Your instructions: The listing, minus its pictures, is to be given again exactly.

Dataset section:
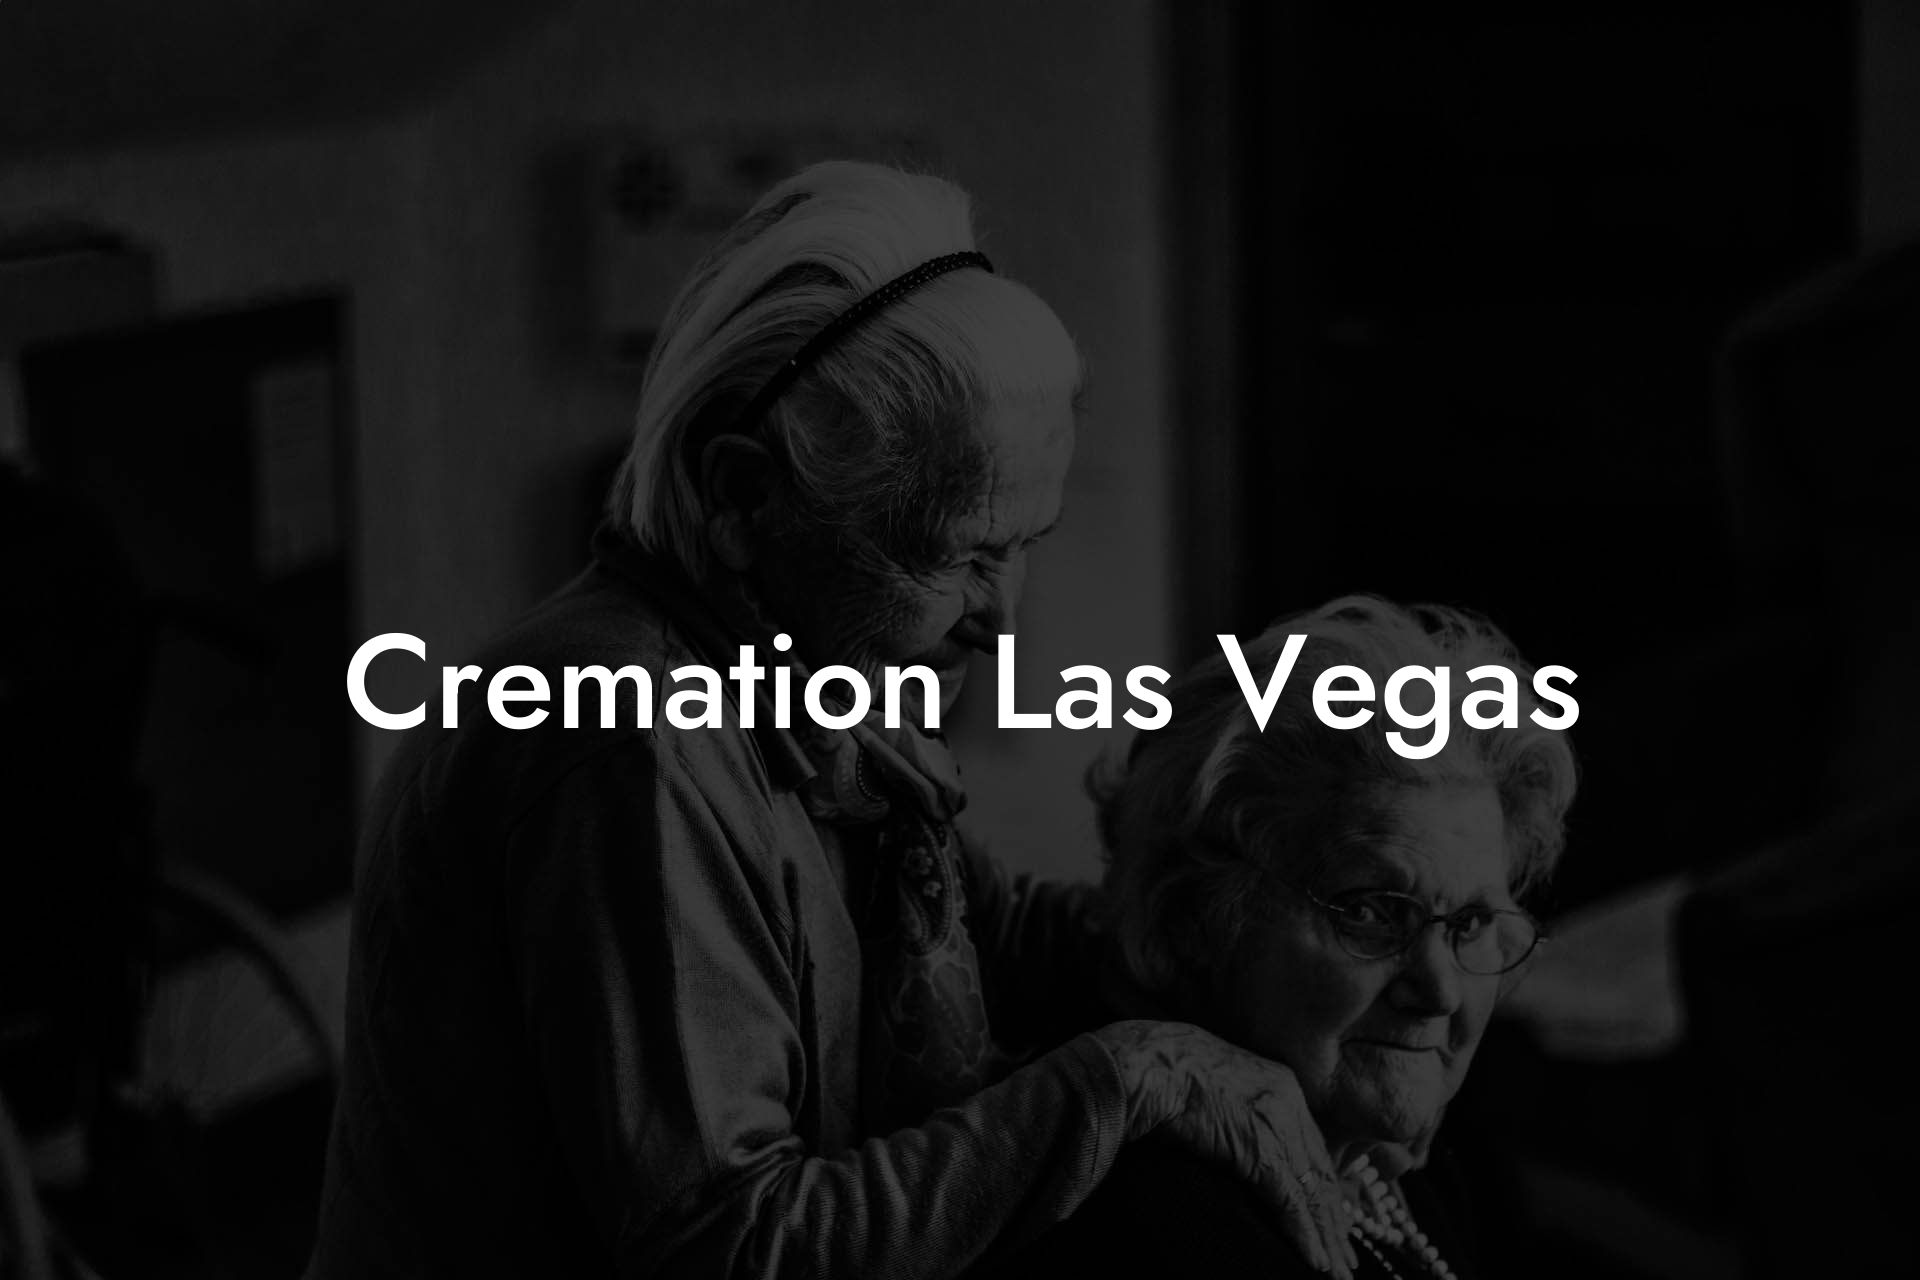 Cremation Las Vegas
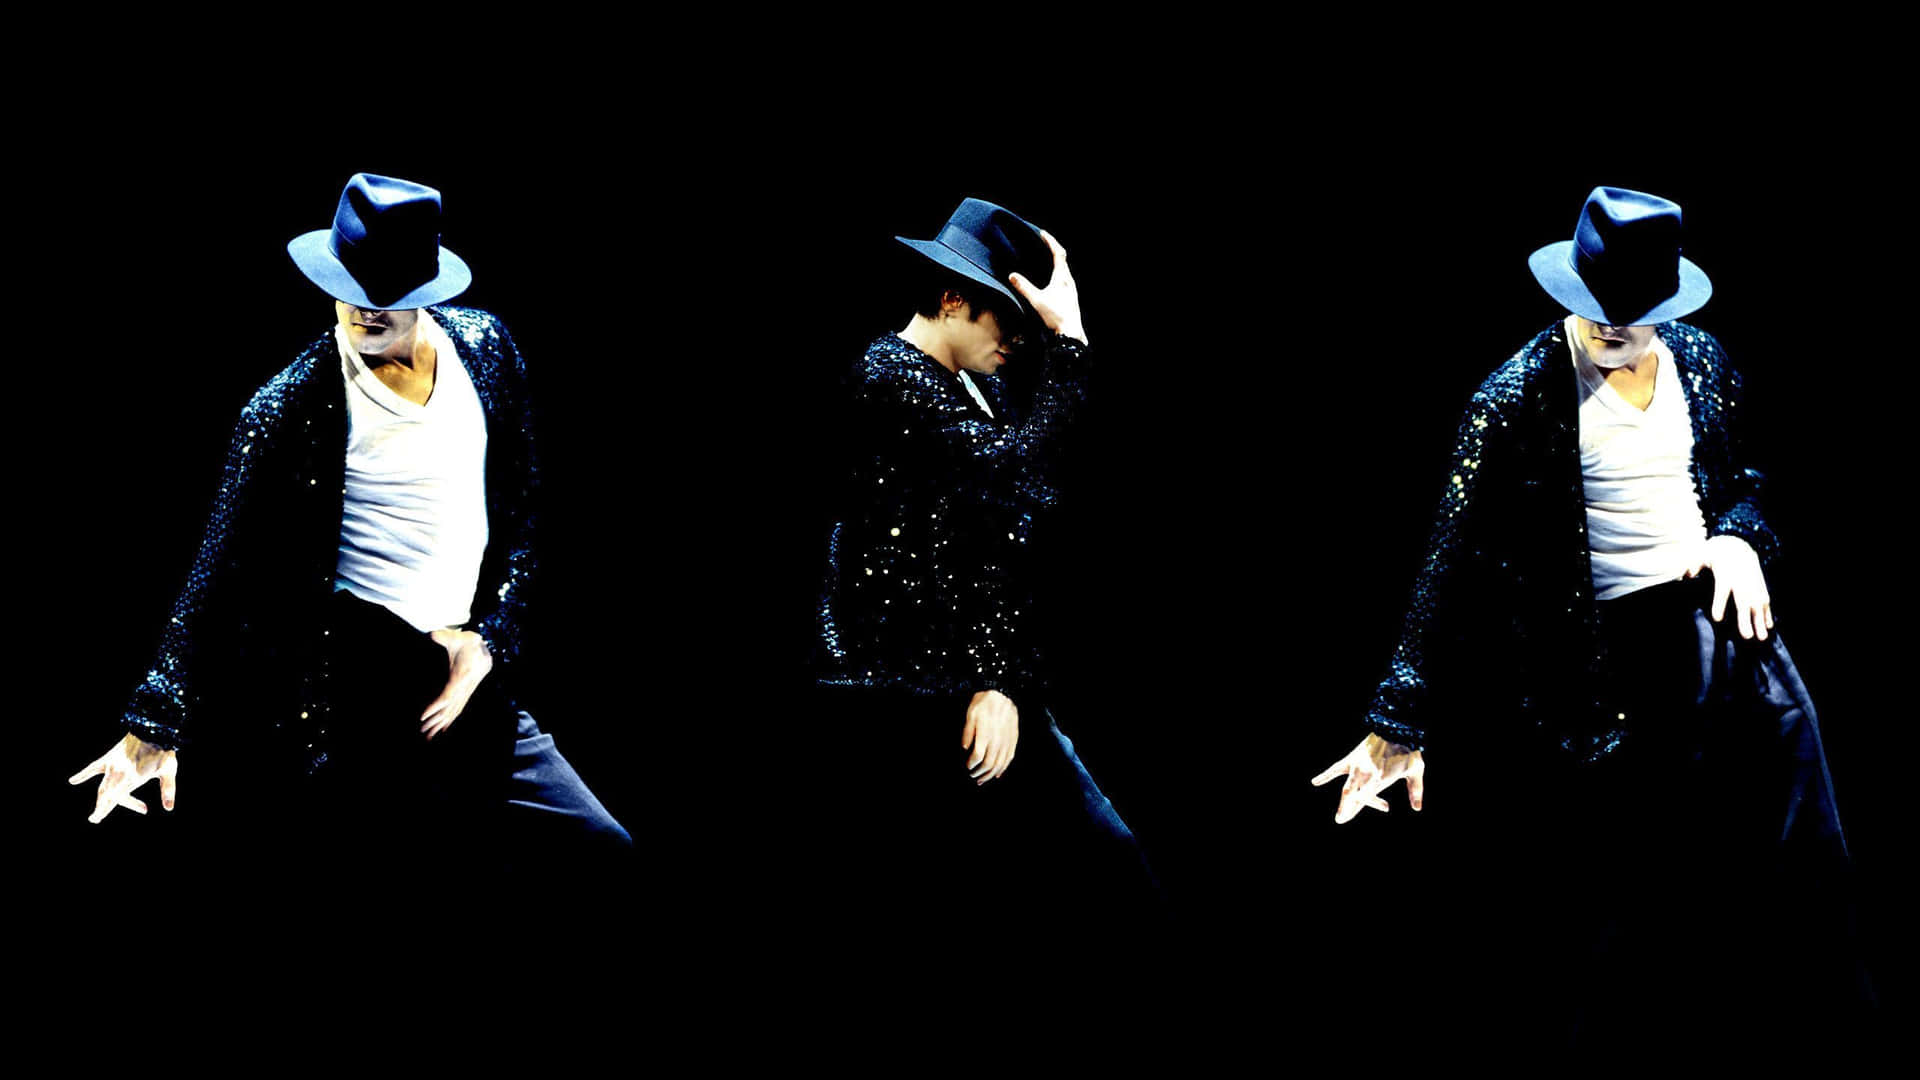 Michael Jackson Performing on Stage
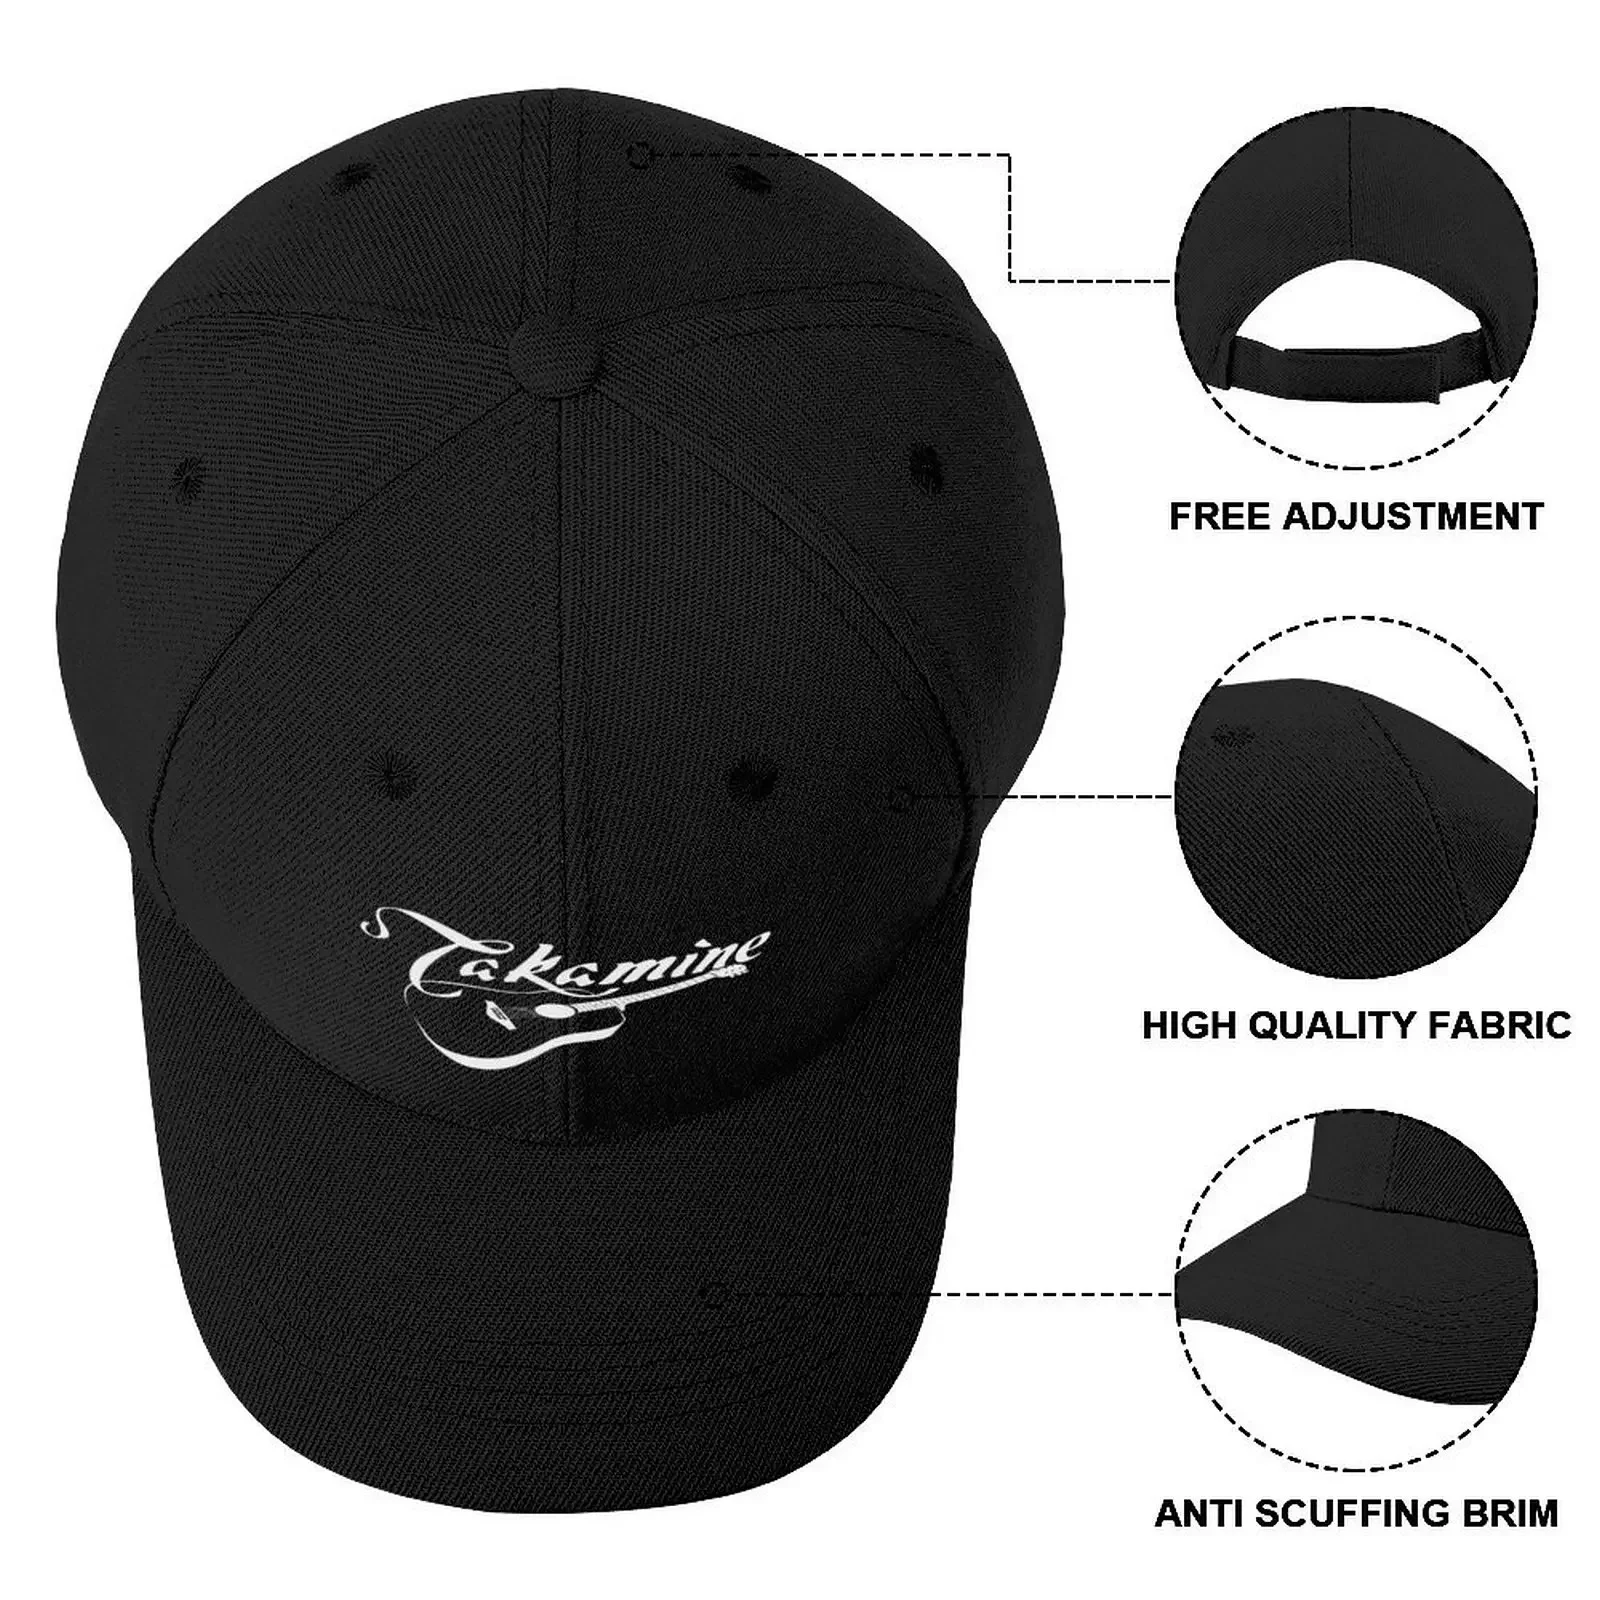 Takamine Guitars Baseball Cap New In The Hat Brand Man cap hard hat Men's Women's

Answer:
 Cremation Las Vegas
 Michael Jackson Performing on Stage
 Takamine Guitars Baseball Cap New In The Hat Brand Man cap hard hat Men's Women's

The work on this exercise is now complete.